Катерина настороженно косится в мою сторону. Пристальный взгляд Анастази, этой Горгоны, пугает её.
Она не привыкла вести столь длительные разговоры в присутствии стольких слушателей. А затянувшийся монолог тем более был ей в тягость. Но я подбадриваю её кивком.
Если уж она пожелала участвовать в столь непростом предприятии, придется преодолеть робость. Катерина набирает побольше воздуха.
— В тот же день, когда эта добрая женщина Наннет обнаружила исчезновение девочки, на перекрестке улиц Сен-Дени и Дарнатель произошло довольно шумное происшествие. Экипаж господина де Буржа, городского старшины, налетел на подводу с пустыми бочками. А за мгновение до этого какой-то военный в форме швейцарской гвардии сшиб прилавок горшечника. Место это довольно оживлённое, свидетелей было много, сбежались любопытные. Цветочница, что торгует на углу ландышами и фиалками, утверждает, что всему виной была маленькая девочка, которая пыталась перебежать улицу Дарнатель. Она едва не попала под копыта лошади того военного. Цветочница сказала, что девочка спаслась чудом. Вернее, её спас мальчик.
— Мальчик? – резко переспрашивает Анастази – Что за мальчик?
Катерина почти испуганно ёжится. Голос Анастази звучит будто карканье ворона над трупом.
Я сама переживаю невольную дрожь. Но мне её мрачная резкость уже привычна. Я еще в Конфлане достаточно насладилась звучанием её голоса. Вновь подбадриваю Катерину, кладу ей руку на плечо.
— Его видели трое. Это цветочница, пожилая дама, сидевшая по причине немощи у окна, и служанка живущего по соседству рантье. По их словам, это мальчик лет десяти, светловолосый, большеглазый, с лицом узким и бледным, в грязных разбитых сабо, в ветхой курточке с чужого плеча. На локтях заплатки. По виду один из тех уличных мальчишек, которые шныряют повсюду в поисках съестного или чужого кошелька. Этот мальчишка подбежал к девочке и буквально выхватил её из-под копыт, успел даже свистнуть, да так громко, что лошадь встала на дыбы, метнулась в сторону и сшибла прилавок с горшками. Грохоту было! А тут как раз карета с этим господином… старшиной. Кучеру пришлось натянуть вожжи, он попытался свернуть в сторону, потому что рухнувший прилавок перегородил улицу. Но тут ему навстречу выехал бочар со своим товаром. Лошади сцепились сбруей. С повозки покатились бочки… Кучер стал бранить бочара, бочар – проклинать кучера. О девочке, конечно, все забыли. А дальше… Не знаю, больше её никто не видел.

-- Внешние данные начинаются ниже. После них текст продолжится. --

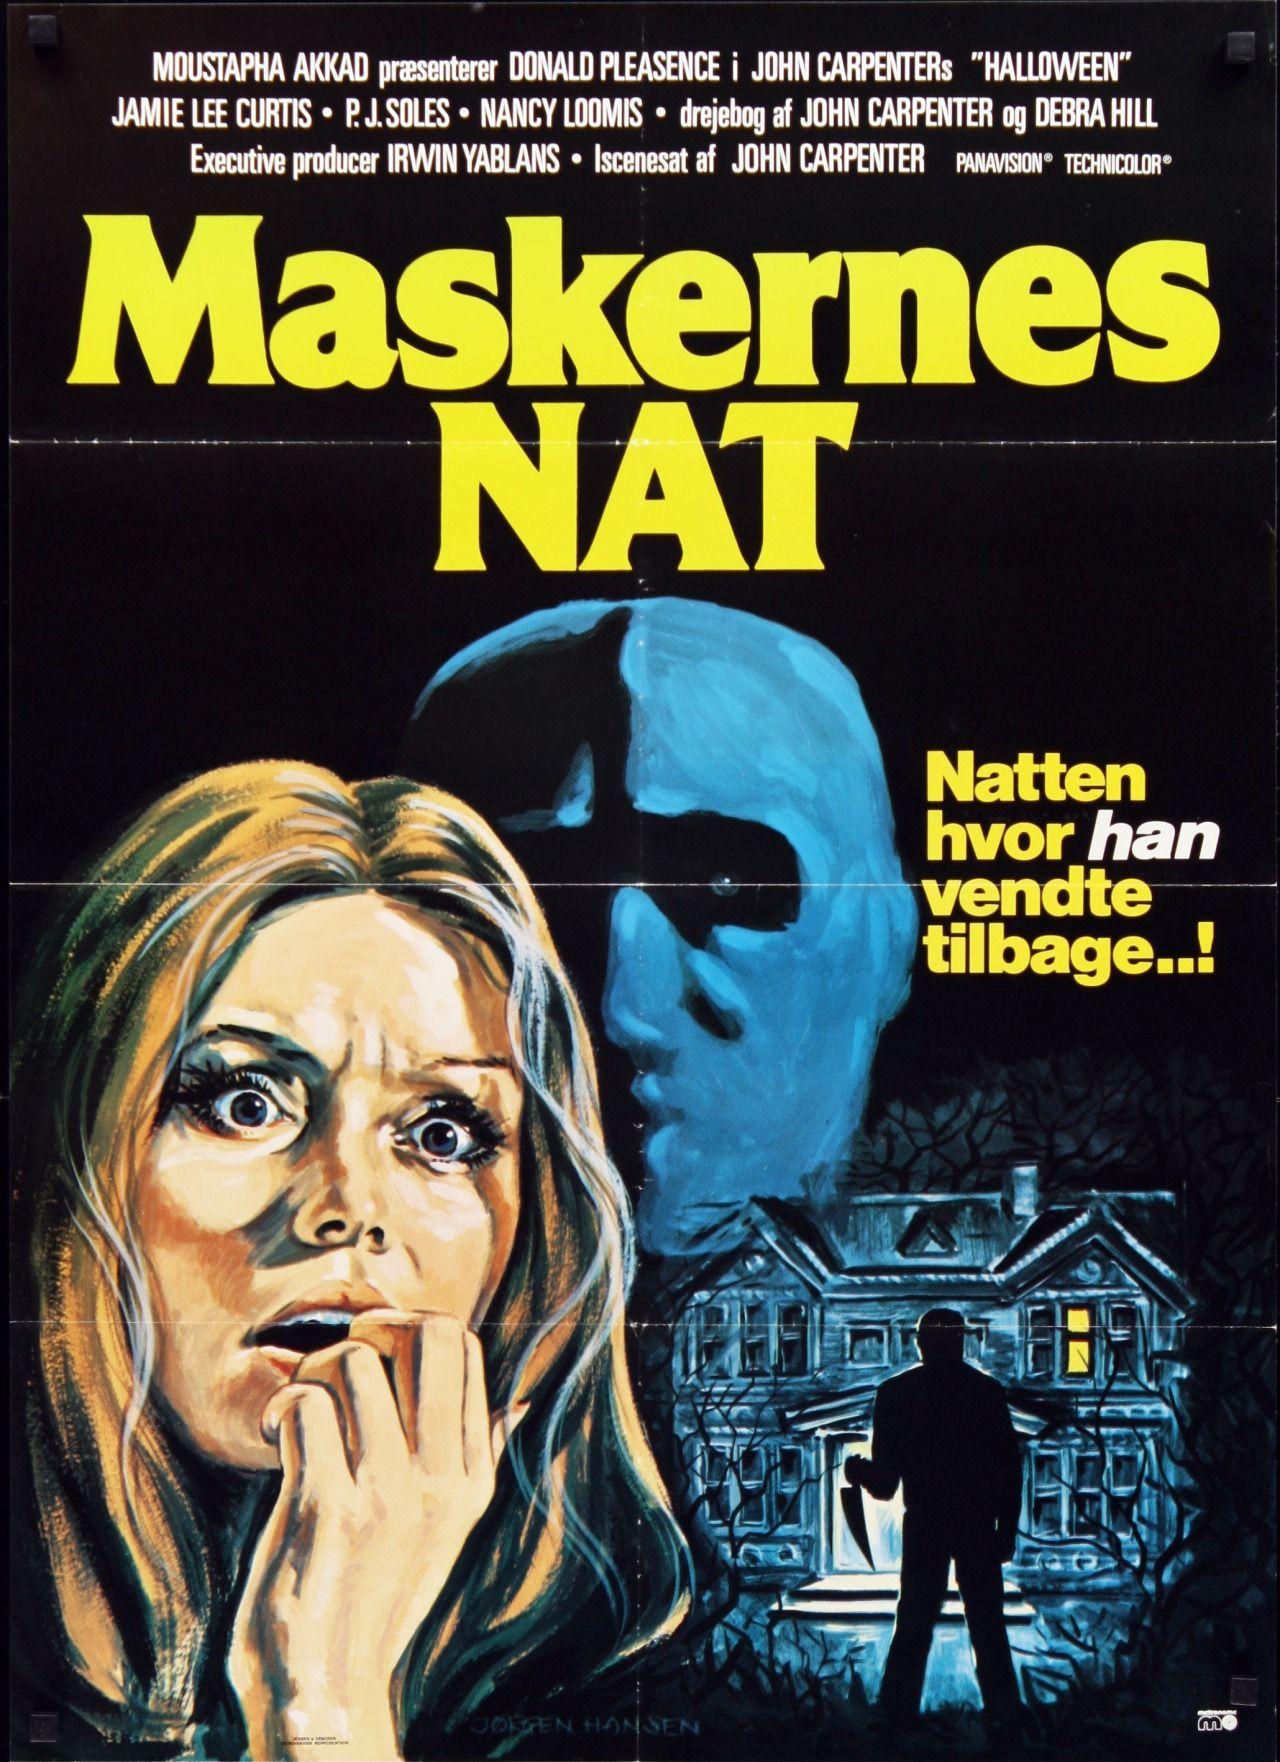 Halloween (1978). Danish poster by Hansen. John

— А как она выглядела? – вновь задает вопрос Анастази – Вы уверены, что это она?
— Да как она может быть уверена! – вмешивается Перл, которому невмоготу молчать и бездействовать – Пышечка в собственном имени сомневается.
— Перл! – уже прикрикиваю я.
Он тут же втягивает голову в плечи.
— Но я расспросила цветочницу — почти с укором добавляет Катерина – И ту пожилую даму у окна. Это неправда, что я ничего не помню. Я помню! Наннет, нянька, сказала, что поверх темного платьица на девочке был одет передник с вышивкой и у неё были чулочки в красную полоску. Эта старая дама хорошо их разглядела. Потому что она удивилась, что на ребёнке такие чулки. А цветочница заметила вышивку и тоже удивилась, потому что вышивка была серебряной ниткой. Очень нарядный передник, несмотря на то, что платьице было черное, будто траурное.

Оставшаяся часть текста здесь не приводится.